Reproduce the lines below from the one that contains "White House urges" through the end, inclusive, and add nothing.

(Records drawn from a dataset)
==========
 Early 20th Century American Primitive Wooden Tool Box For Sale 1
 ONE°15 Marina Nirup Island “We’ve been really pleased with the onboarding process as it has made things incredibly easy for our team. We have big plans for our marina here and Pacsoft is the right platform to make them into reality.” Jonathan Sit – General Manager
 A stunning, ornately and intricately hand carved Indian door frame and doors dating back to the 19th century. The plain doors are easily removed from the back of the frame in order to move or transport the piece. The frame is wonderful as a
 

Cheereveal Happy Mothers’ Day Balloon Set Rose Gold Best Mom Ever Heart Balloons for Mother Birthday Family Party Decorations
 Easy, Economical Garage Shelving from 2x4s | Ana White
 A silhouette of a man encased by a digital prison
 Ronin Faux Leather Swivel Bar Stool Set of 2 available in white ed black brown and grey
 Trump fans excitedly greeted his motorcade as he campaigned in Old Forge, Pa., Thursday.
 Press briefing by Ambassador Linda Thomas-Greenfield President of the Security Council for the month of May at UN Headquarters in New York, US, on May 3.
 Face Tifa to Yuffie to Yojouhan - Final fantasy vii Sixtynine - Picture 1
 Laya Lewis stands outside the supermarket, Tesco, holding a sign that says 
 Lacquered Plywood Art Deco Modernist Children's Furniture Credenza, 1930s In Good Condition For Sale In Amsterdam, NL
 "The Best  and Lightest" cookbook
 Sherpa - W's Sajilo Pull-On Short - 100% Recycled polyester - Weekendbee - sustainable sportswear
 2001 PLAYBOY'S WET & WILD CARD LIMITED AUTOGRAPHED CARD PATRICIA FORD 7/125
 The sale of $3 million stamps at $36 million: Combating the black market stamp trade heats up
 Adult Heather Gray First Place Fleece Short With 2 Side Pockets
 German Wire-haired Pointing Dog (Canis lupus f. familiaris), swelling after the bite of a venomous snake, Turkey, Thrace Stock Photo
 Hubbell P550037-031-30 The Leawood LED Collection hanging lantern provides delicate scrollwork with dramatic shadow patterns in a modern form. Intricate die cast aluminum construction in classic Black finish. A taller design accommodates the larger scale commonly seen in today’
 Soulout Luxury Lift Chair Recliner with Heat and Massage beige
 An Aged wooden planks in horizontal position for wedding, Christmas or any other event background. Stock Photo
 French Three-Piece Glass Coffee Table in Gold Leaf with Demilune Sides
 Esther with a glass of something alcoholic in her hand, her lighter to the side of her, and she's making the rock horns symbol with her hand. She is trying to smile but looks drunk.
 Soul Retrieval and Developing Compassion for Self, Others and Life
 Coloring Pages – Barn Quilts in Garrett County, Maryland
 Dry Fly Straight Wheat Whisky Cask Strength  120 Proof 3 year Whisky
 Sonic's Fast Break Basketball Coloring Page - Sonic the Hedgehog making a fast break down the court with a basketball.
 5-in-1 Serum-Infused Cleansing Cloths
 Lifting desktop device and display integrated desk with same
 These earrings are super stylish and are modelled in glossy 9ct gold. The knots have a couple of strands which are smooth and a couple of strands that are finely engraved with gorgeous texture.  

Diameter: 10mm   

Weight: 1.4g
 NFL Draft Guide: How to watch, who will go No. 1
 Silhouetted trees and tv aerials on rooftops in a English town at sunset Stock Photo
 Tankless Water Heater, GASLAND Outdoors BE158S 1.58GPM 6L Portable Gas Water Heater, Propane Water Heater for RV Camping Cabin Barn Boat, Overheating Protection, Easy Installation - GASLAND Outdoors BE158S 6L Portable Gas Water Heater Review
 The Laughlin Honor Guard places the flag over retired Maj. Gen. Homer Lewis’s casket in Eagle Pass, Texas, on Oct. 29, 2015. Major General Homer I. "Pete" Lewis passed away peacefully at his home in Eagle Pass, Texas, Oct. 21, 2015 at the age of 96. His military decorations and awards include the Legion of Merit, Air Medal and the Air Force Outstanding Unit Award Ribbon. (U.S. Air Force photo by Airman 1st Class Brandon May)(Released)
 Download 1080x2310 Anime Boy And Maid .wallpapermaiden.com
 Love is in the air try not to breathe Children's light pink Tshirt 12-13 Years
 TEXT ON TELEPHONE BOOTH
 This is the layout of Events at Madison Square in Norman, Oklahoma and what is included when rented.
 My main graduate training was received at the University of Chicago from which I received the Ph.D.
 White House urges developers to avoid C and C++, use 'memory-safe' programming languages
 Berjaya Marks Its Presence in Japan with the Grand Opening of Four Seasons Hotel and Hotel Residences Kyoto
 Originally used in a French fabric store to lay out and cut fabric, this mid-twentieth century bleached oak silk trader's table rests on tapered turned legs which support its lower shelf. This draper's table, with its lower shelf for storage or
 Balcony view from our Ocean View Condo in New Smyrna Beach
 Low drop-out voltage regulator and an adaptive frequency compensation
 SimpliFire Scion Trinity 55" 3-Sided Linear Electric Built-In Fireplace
==========
* EXERCISE ANSWER:
 White House urges developers to avoid C and C++, use 'memory-safe' programming languages
 Berjaya Marks Its Presence in Japan with the Grand Opening of Four Seasons Hotel and Hotel Residences Kyoto
 Originally used in a French fabric store to lay out and cut fabric, this mid-twentieth century bleached oak silk trader's table rests on tapered turned legs which support its lower shelf. This draper's table, with its lower shelf for storage or
 Balcony view from our Ocean View Condo in New Smyrna Beach
 Low drop-out voltage regulator and an adaptive frequency compensation
 SimpliFire Scion Trinity 55" 3-Sided Linear Electric Built-In Fireplace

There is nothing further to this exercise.